*** Opening of PROVIDED DATA ***

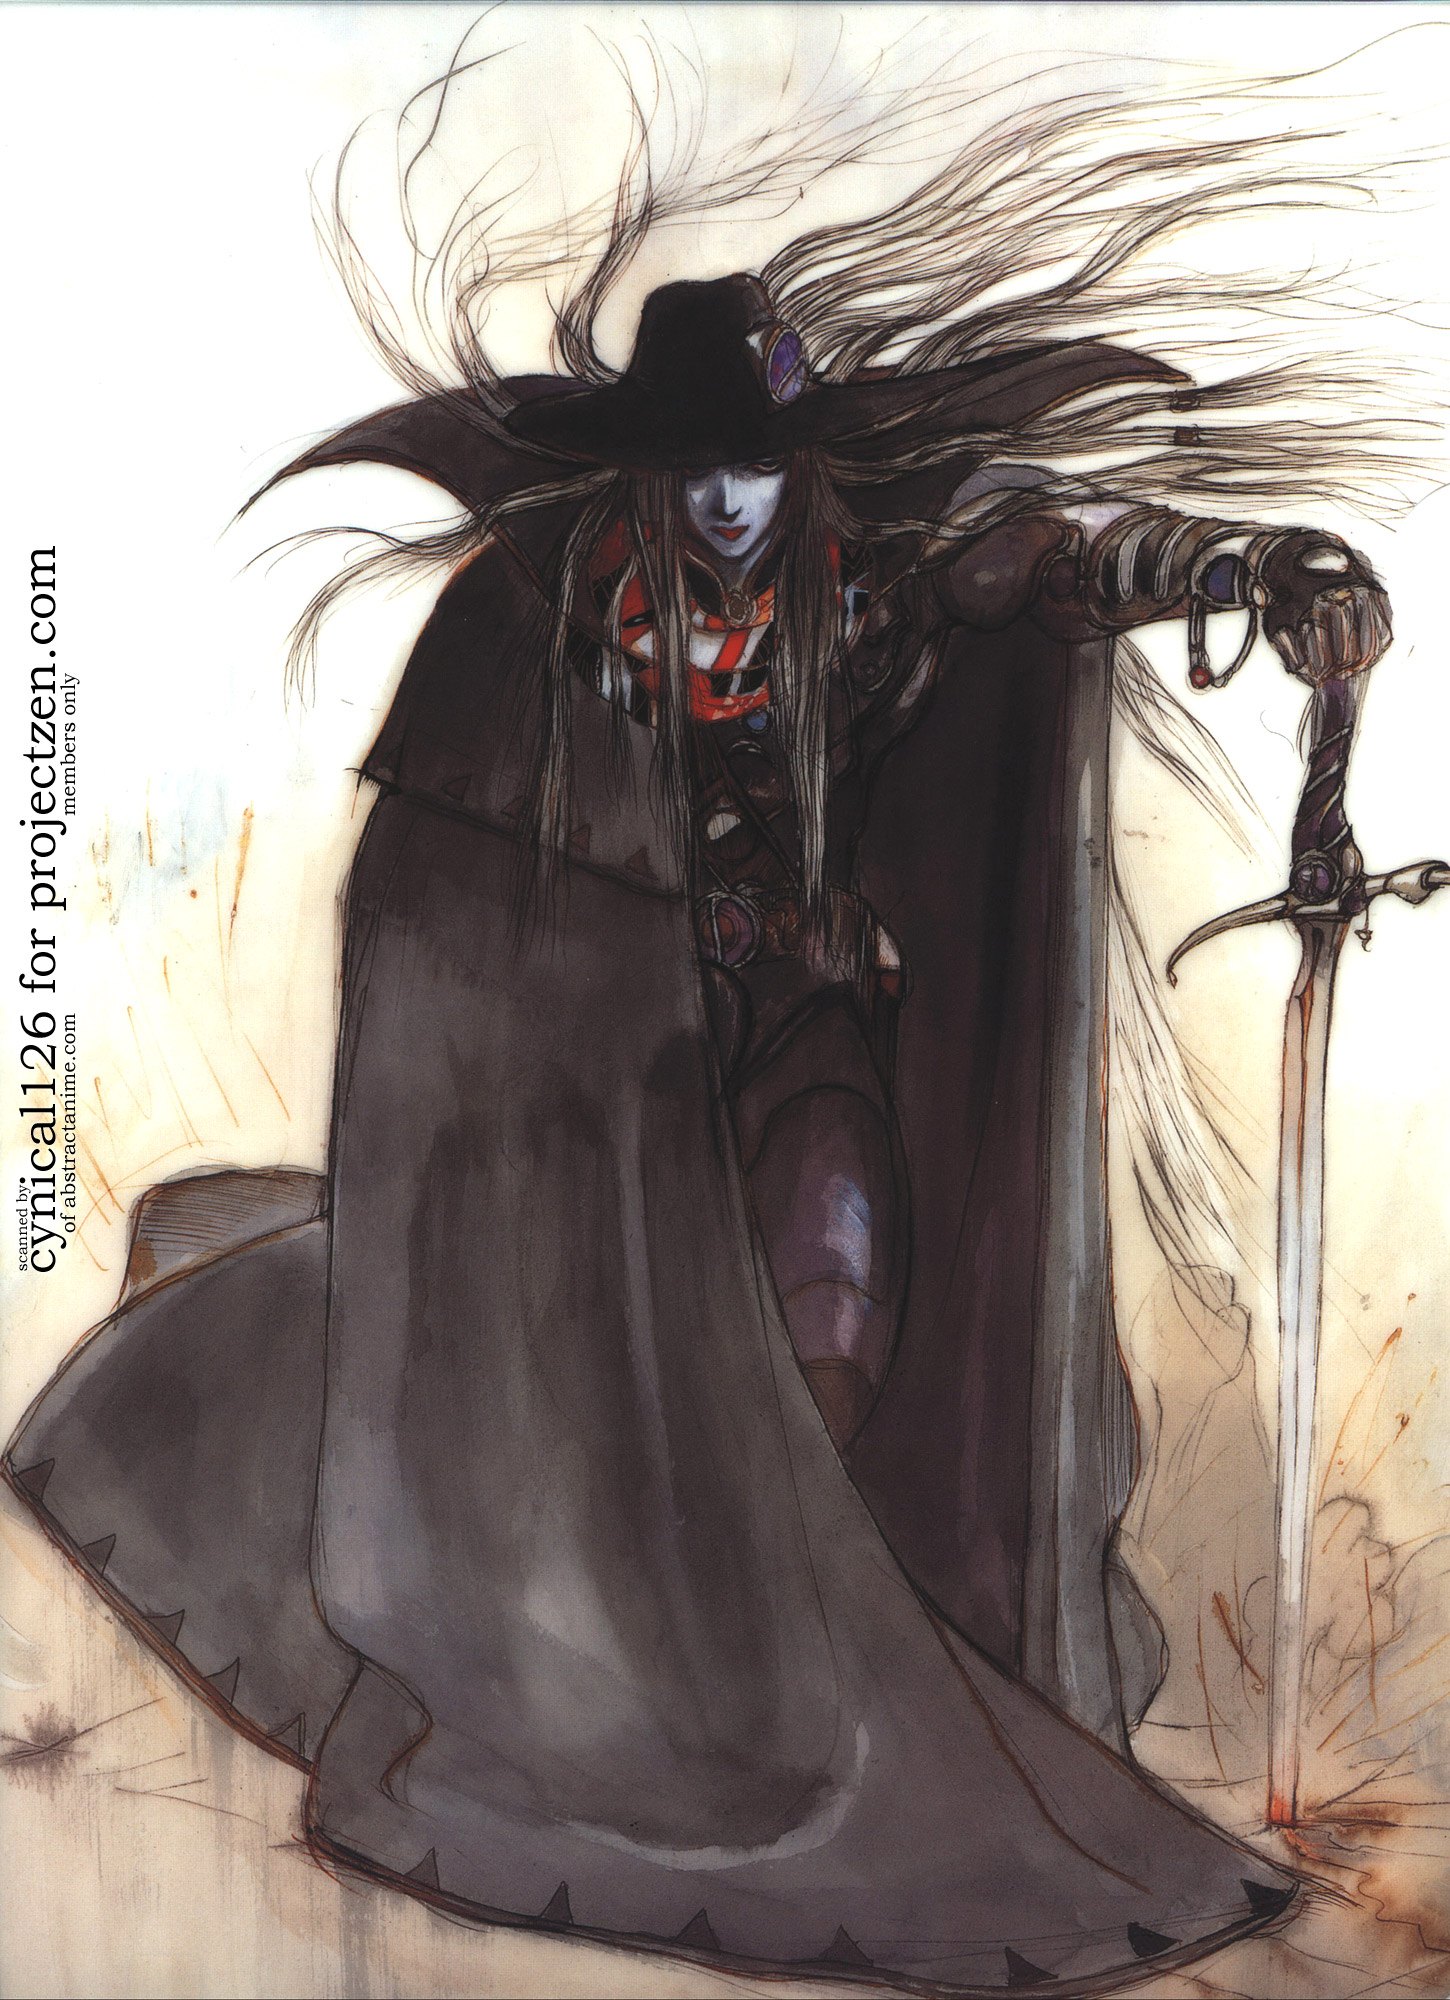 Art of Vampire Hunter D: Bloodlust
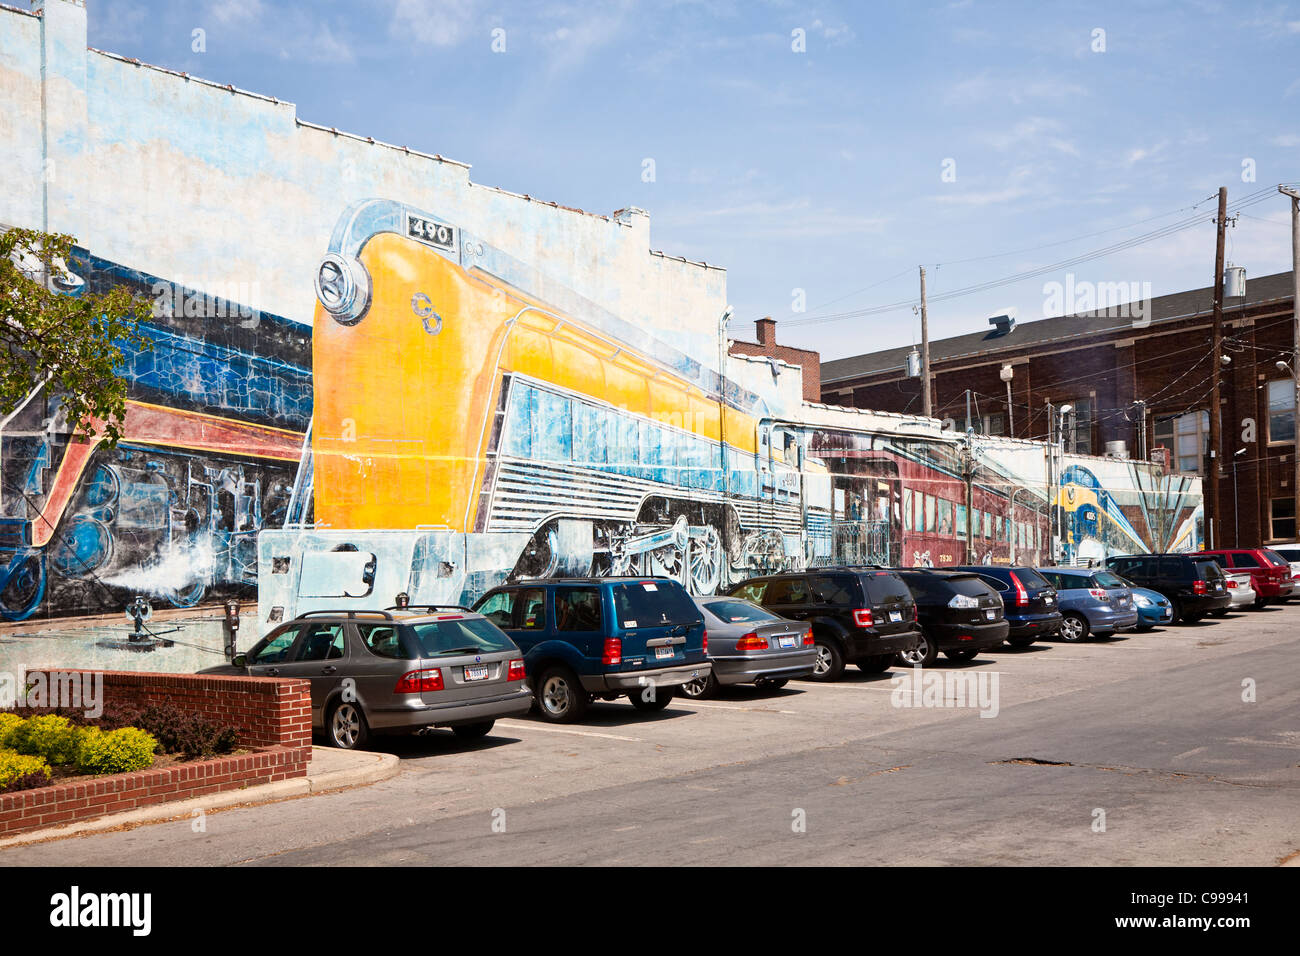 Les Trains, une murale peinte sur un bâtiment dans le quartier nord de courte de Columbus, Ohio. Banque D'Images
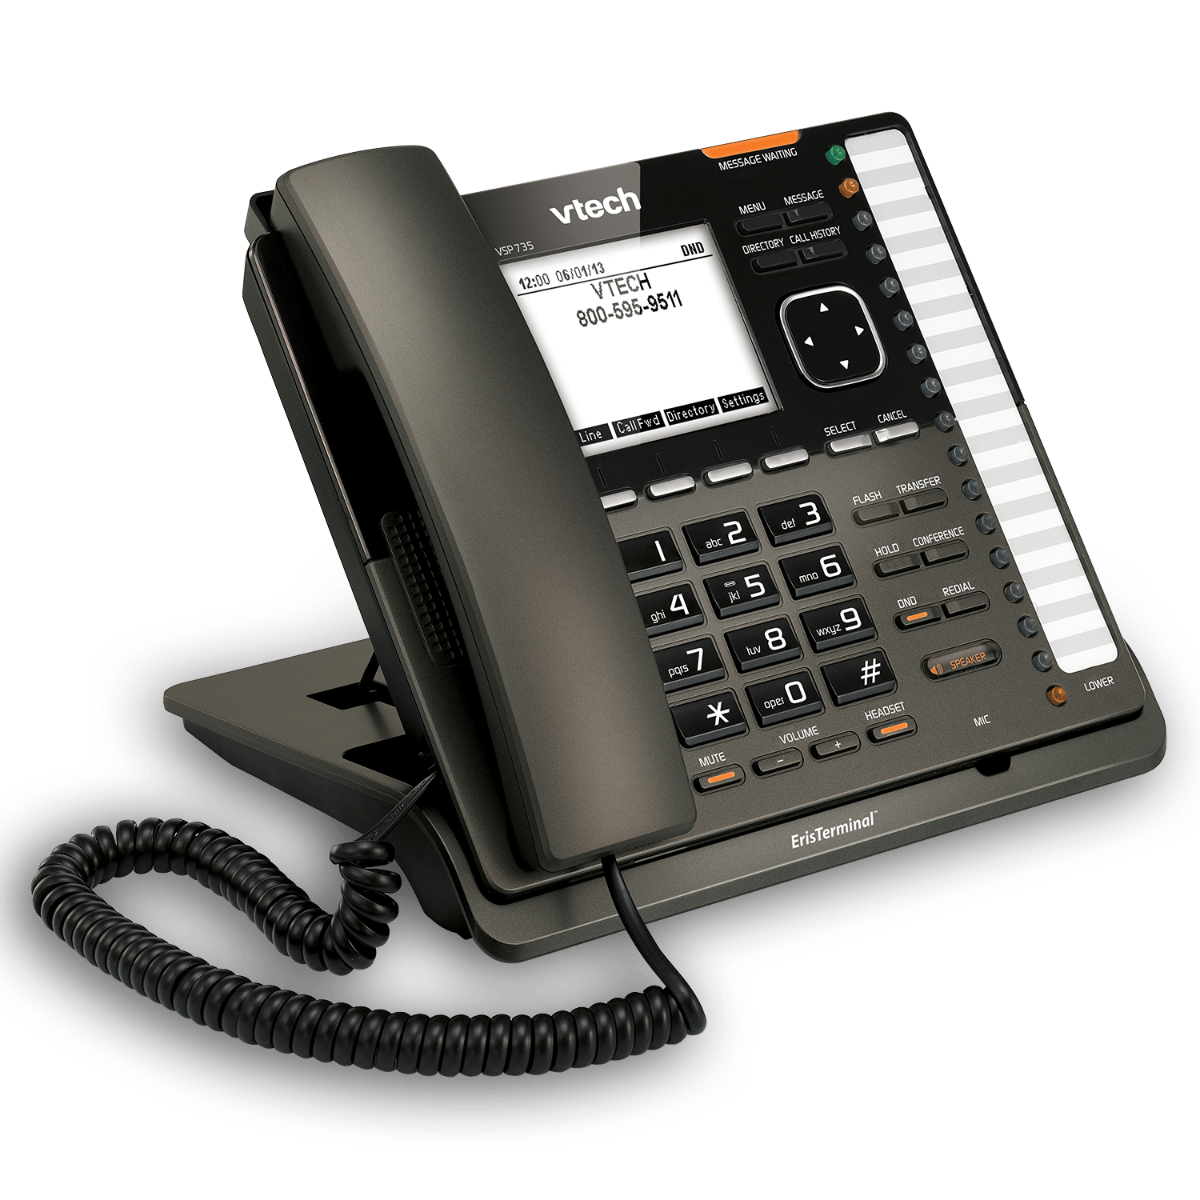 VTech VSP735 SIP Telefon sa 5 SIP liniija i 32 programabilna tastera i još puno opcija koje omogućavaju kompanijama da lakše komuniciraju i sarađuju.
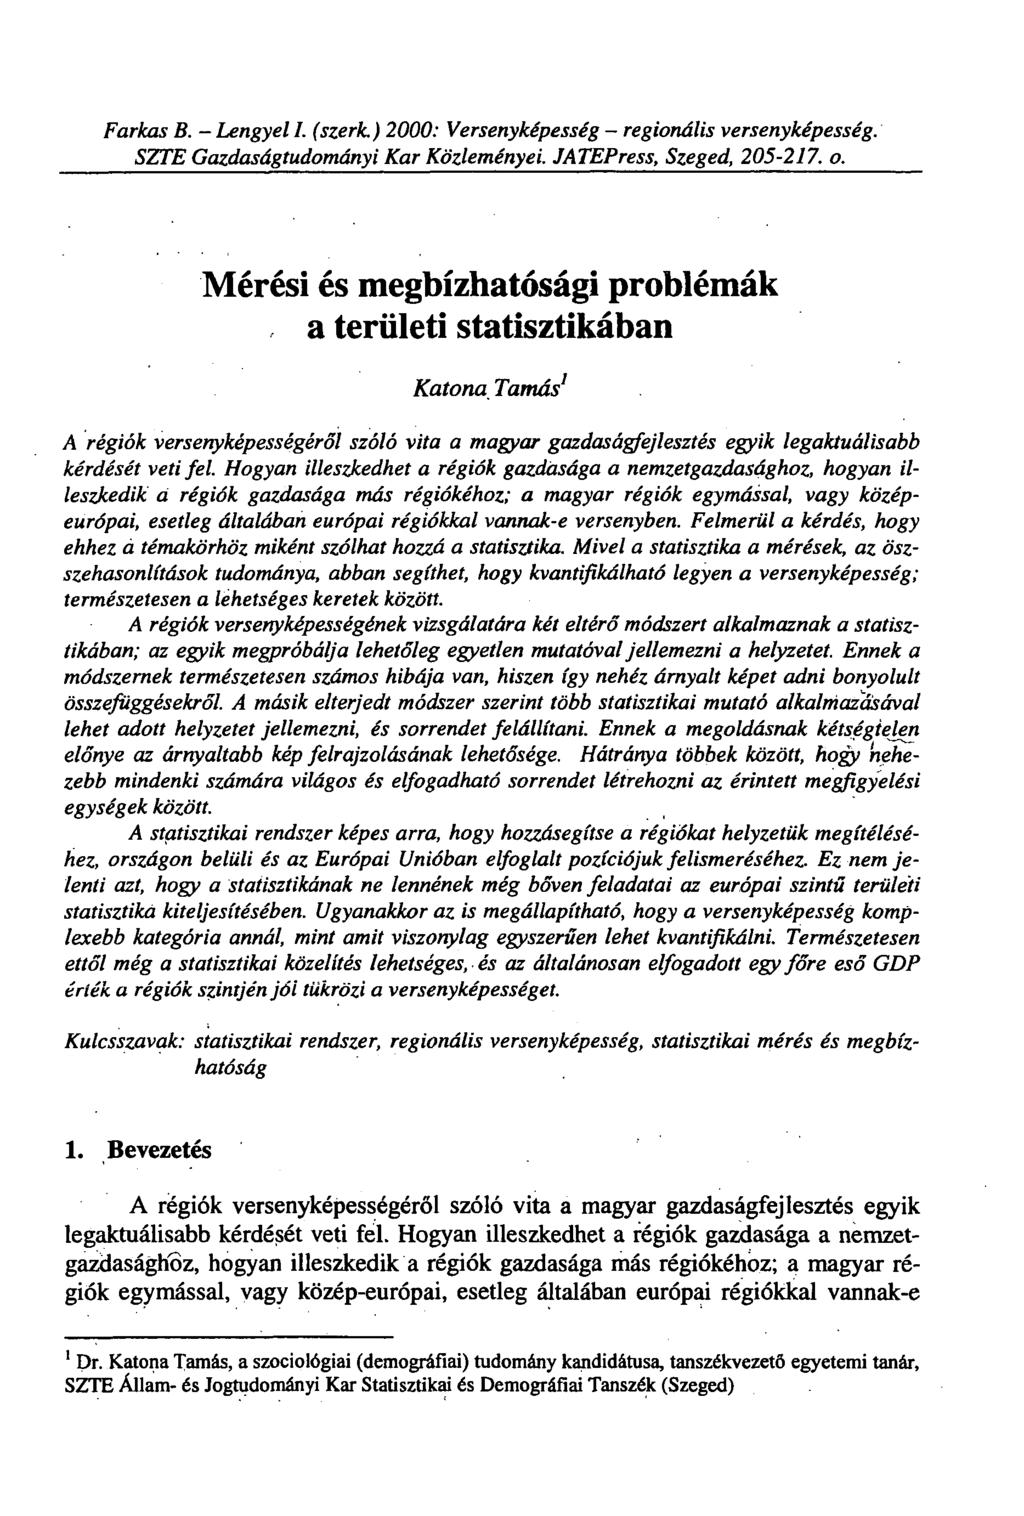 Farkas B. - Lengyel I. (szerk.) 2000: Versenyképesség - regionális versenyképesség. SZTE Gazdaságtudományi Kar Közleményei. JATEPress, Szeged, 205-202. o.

*** Close of PROVIDED DATA ***

■ WORK REQUIRED: Please retype the data exactly as it appears, but without any of its pictures.

■ ANSWER BOX:
 Art of Vampire Hunter D: Bloodlust
 Les Trains, une murale peinte sur un bâtiment dans le quartier nord de courte de Columbus, Ohio. Banque D'Images
 VTech VSP735 SIP Telefon sa 5 SIP liniija i 32 programabilna tastera i još puno opcija koje omogućavaju kompanijama da lakše komuniciraju i sarađuju.
 Farkas B. - Lengyel I. (szerk.) 2000: Versenyképesség - regionális versenyképesség. SZTE Gazdaságtudományi Kar Közleményei. JATEPress, Szeged, 205-202. o.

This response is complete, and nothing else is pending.